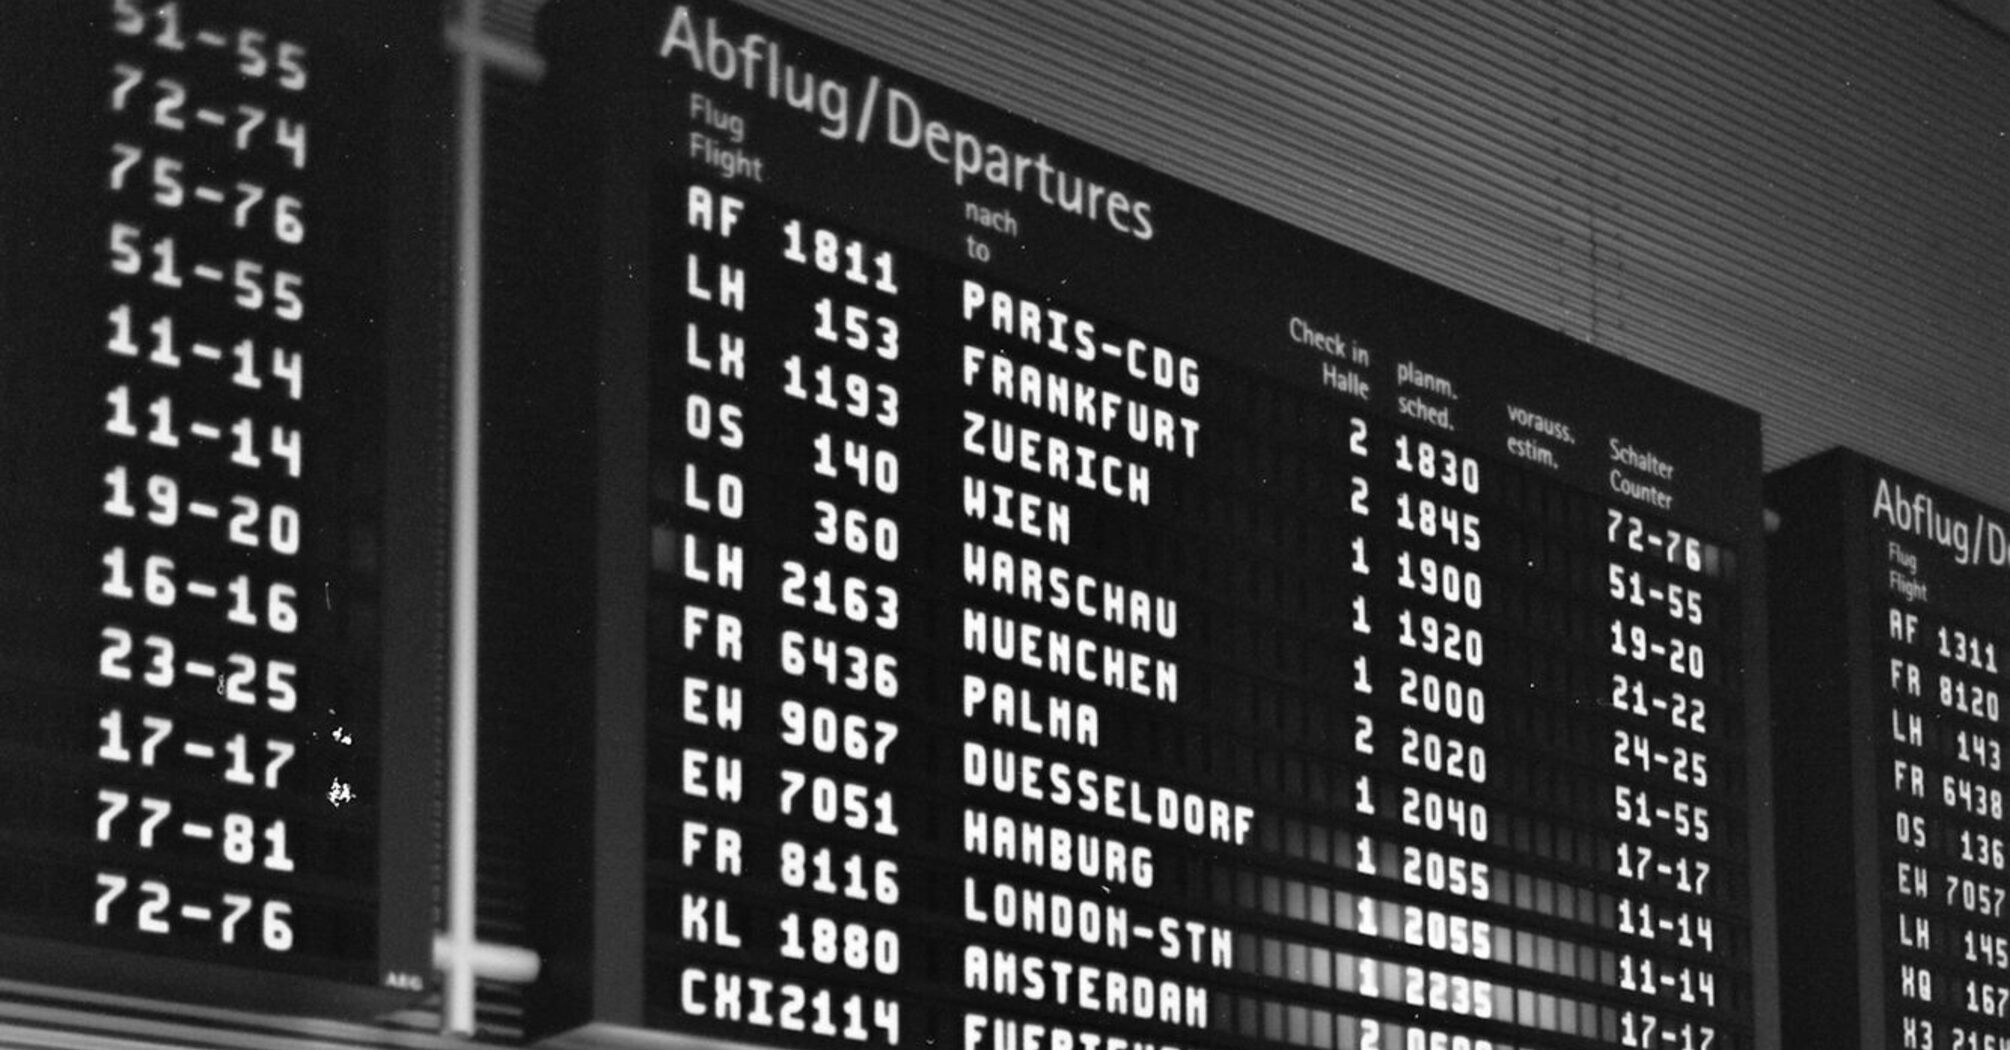 Split-Flap Airport Displays
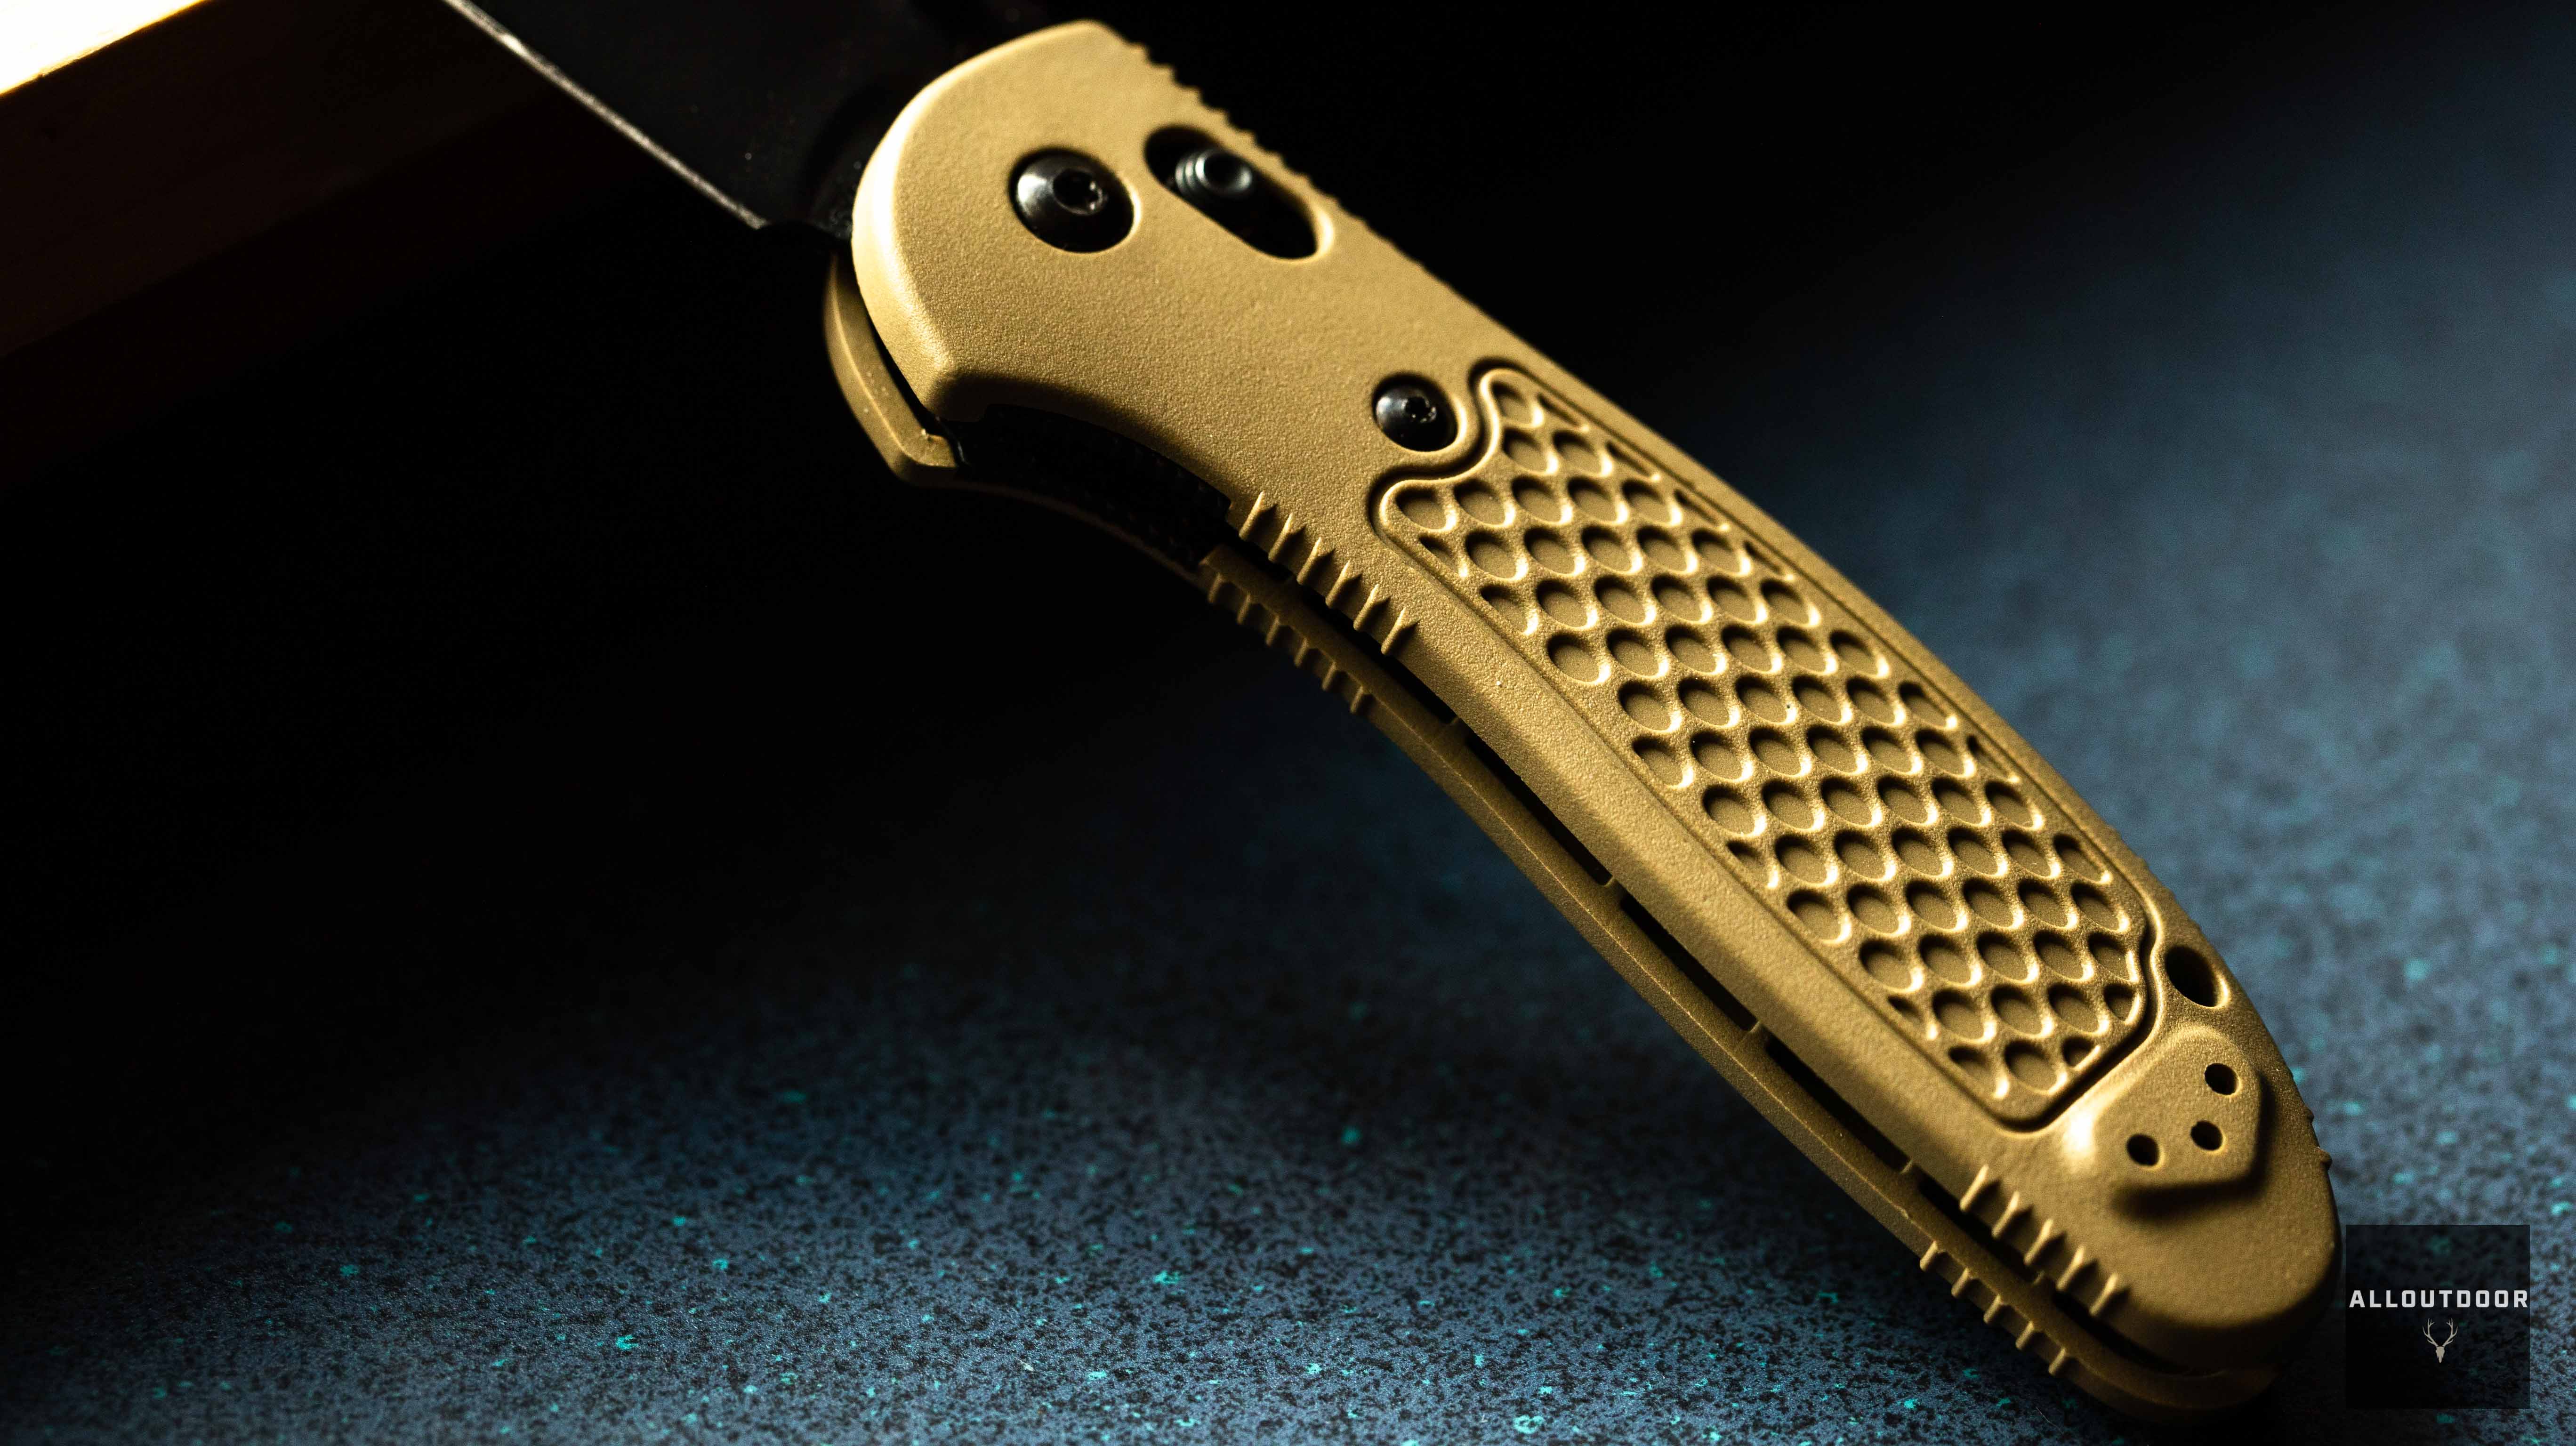 AllOutdoor Review - Benchmade Griptilian Multi-Functional 551-S30V Knife
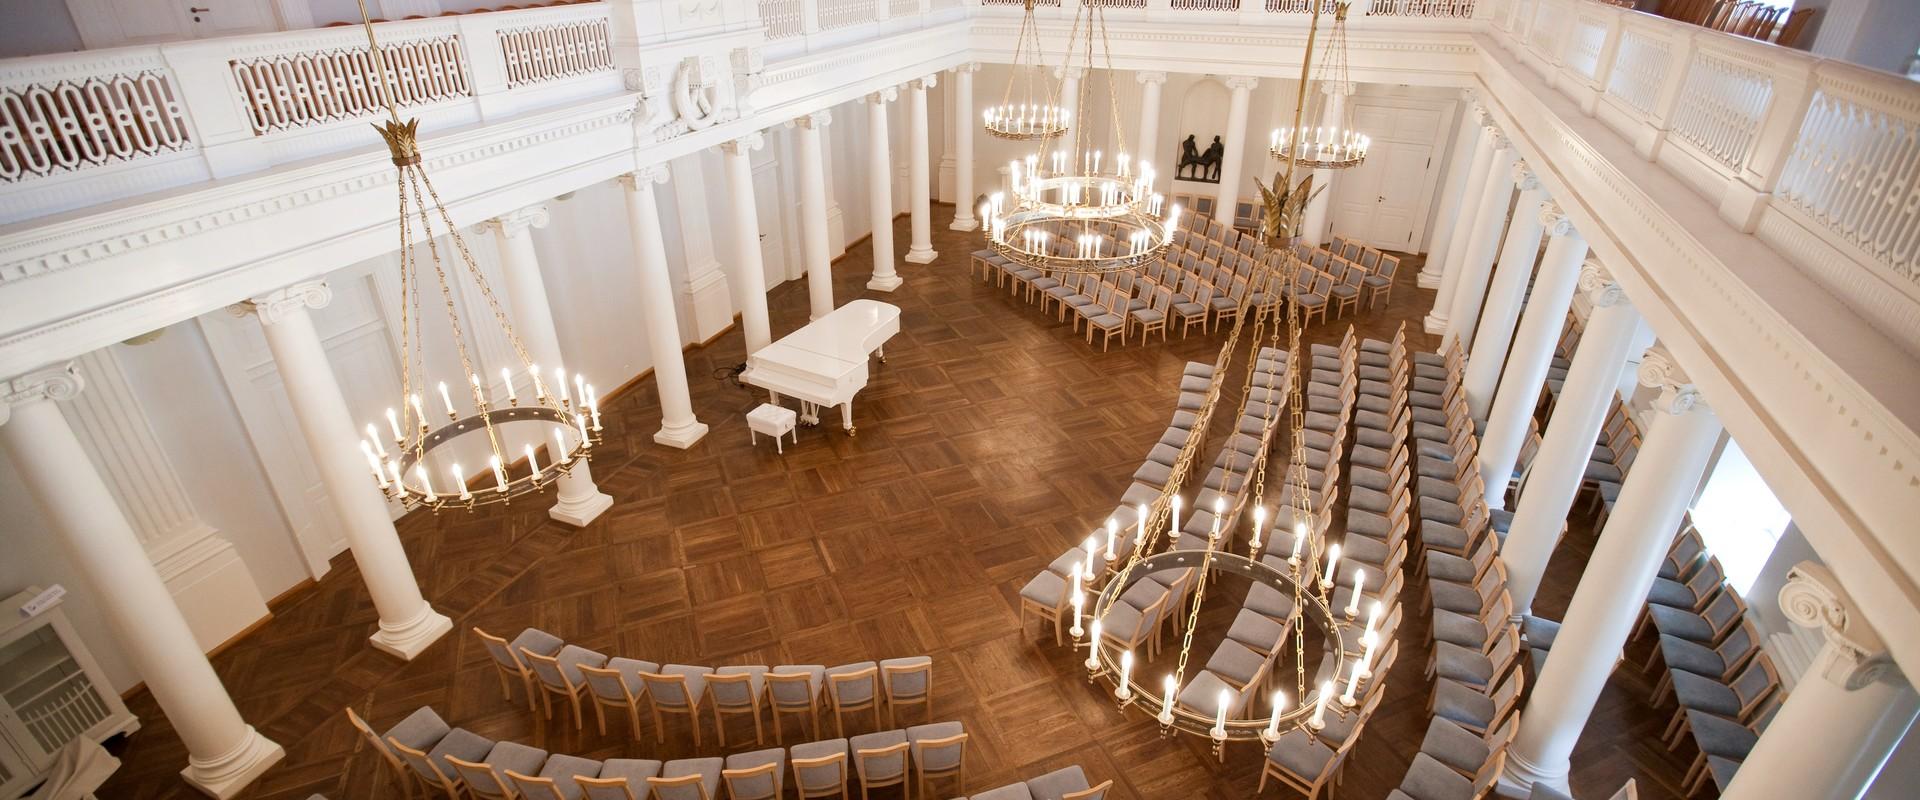 Assembly Hall of the University of Tartu

=======

## WORK INSTRUCTIONS
Wherever a picture appears in the data, please drop it and retype the rest exactly.

## WRITTEN RESPONSE
 Split-Flap Airport Displays
 AllOutdoor Review - Benchmade Griptilian Multi-Functional 551-S30V Knife
 Assembly Hall of the University of Tartu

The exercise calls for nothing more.